При чтении эссеистики Вейдле бросается в глаза, что формированием своего отношения к поэзии он обязан не столько венским знатокам искусства, сколько символистским писателям-критикам, из которых наибольшее влияние оказали на него В. Ходасевич и Н. Гумилев, с одной стороны, и Вяч. Иванов и П. Муратов — с другой. По Вейдле, поэтический язык есть высшая форма речи и аналогичен языку веры, выступает способом непонятийного понимания абсолютной Истины. Объективно-познавательный характер символа в поэзии предполагает единство «предслова» человеческой души и его воплощения, реализуемого в «звукосмысле»— подвижном сочетании звучания и смысла. Неудача в воплощении способна породить «пустые звуки», или «невыразительные знаки»,— как бы «безблагодатную голоссолалию», структура которой задается скорее не творцом, а регистрирующим ее сознанием. Быть может, ритм этого узора и интересен для науки (фонологии, статистики), – но, согласно образной интерпретации Гумилева, является «мертвым словом».

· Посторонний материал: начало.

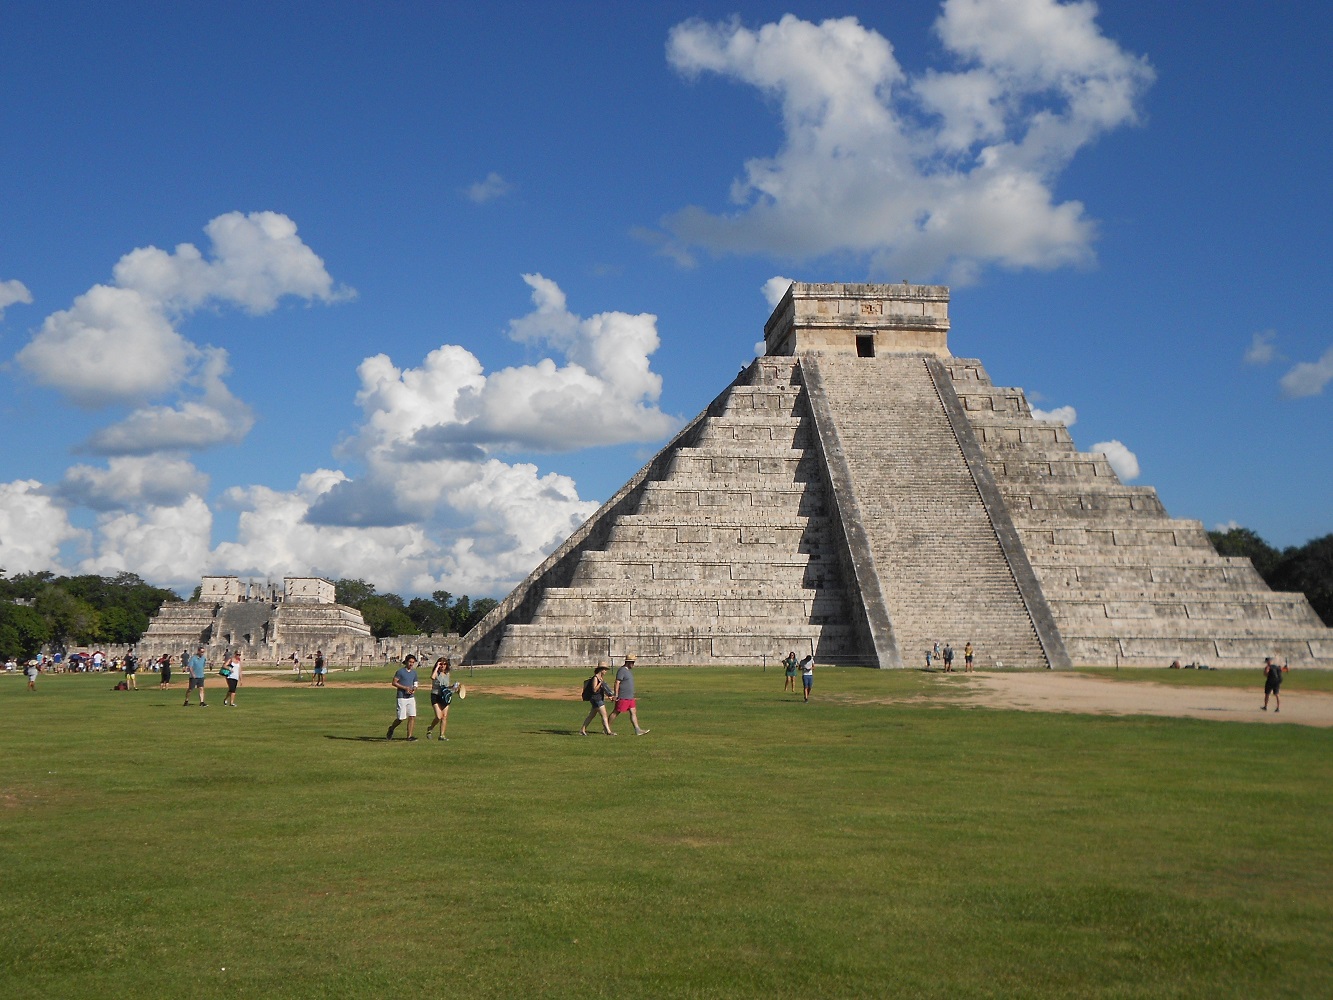 Mein Schiff Landausflug zur Hauptpyramide von Chichén Itzá - Mexiko
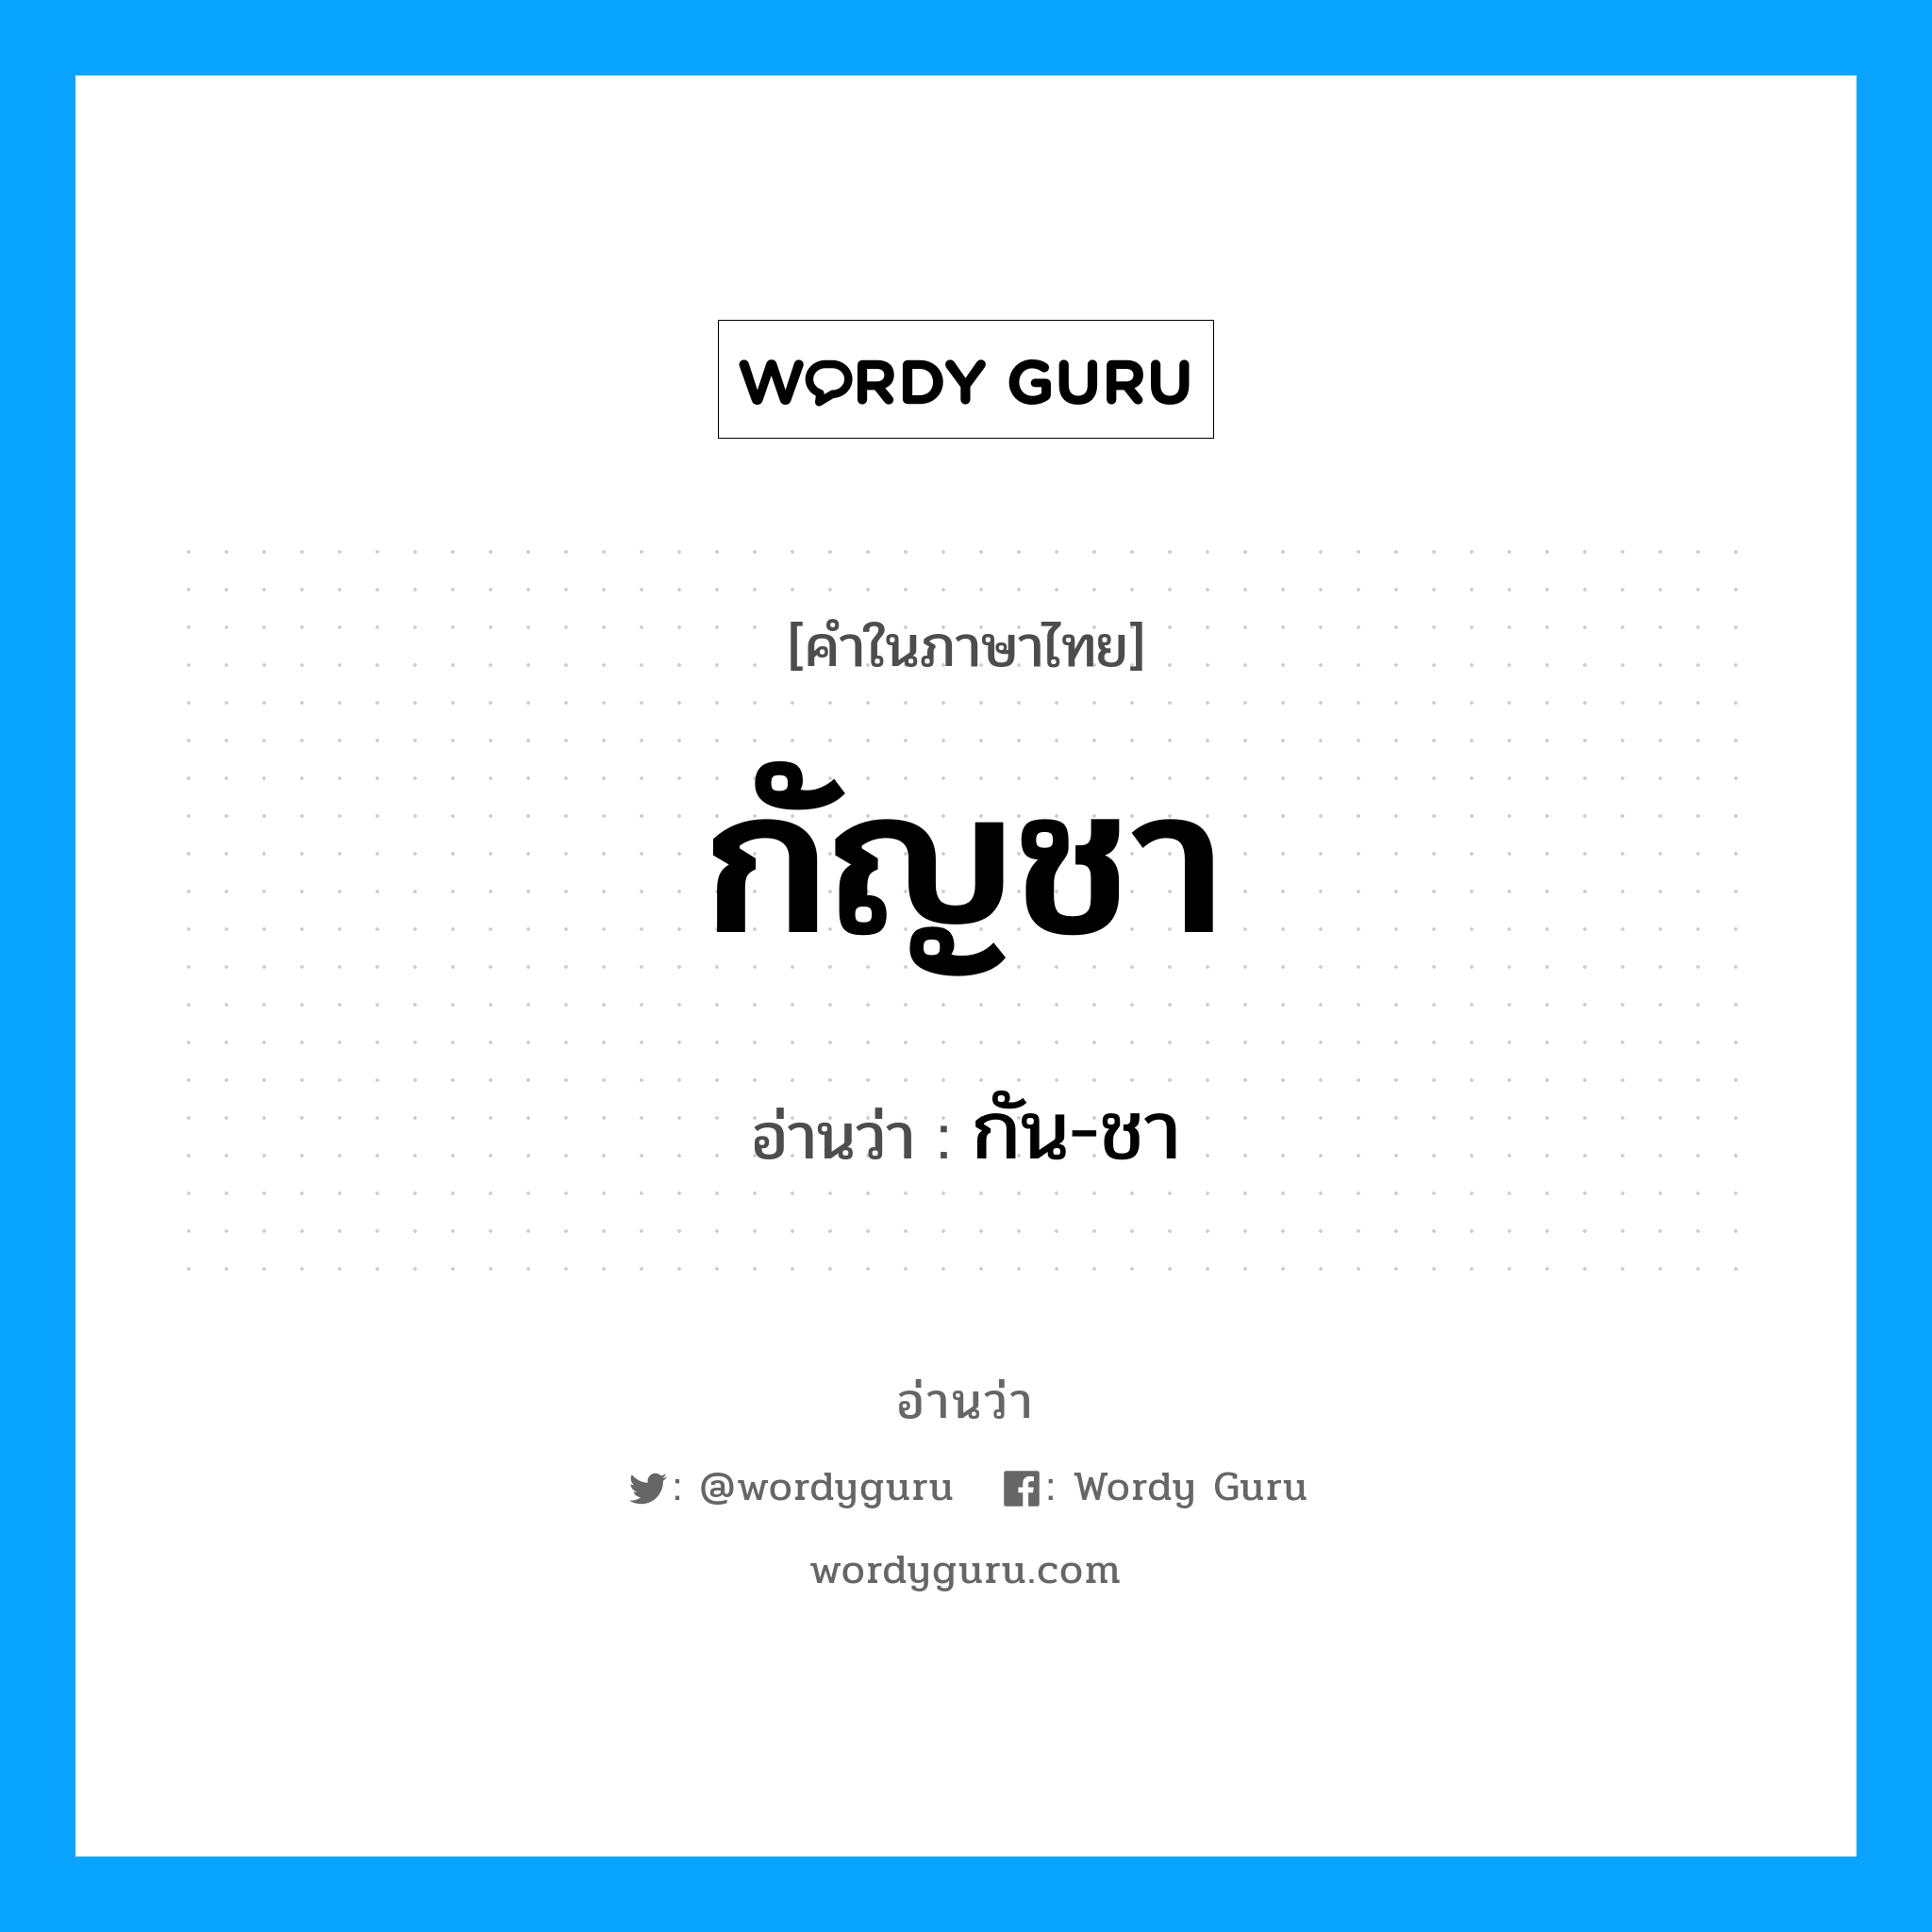 กัน-ชา เป็นคำอ่านของคำไหน?, คำในภาษาไทย กัน-ชา อ่านว่า กัญชา

Вейдле близко представление о том, что поэтическое мастерство, а также проникновение не только в творимое, но и в творчество возможно лишь при «вере» в слово. Ей соответствуют лицо, личное виденье,— миропонимание, тяготеющее к «органической» законченности «лучших слов в лучшем порядке». Уверенность в том, что не всякий смысл способен воплотиться в звуке, позволяет Вейдле вслед за Ходасевичем настаивать на том, что «душа слова — смысл». [28]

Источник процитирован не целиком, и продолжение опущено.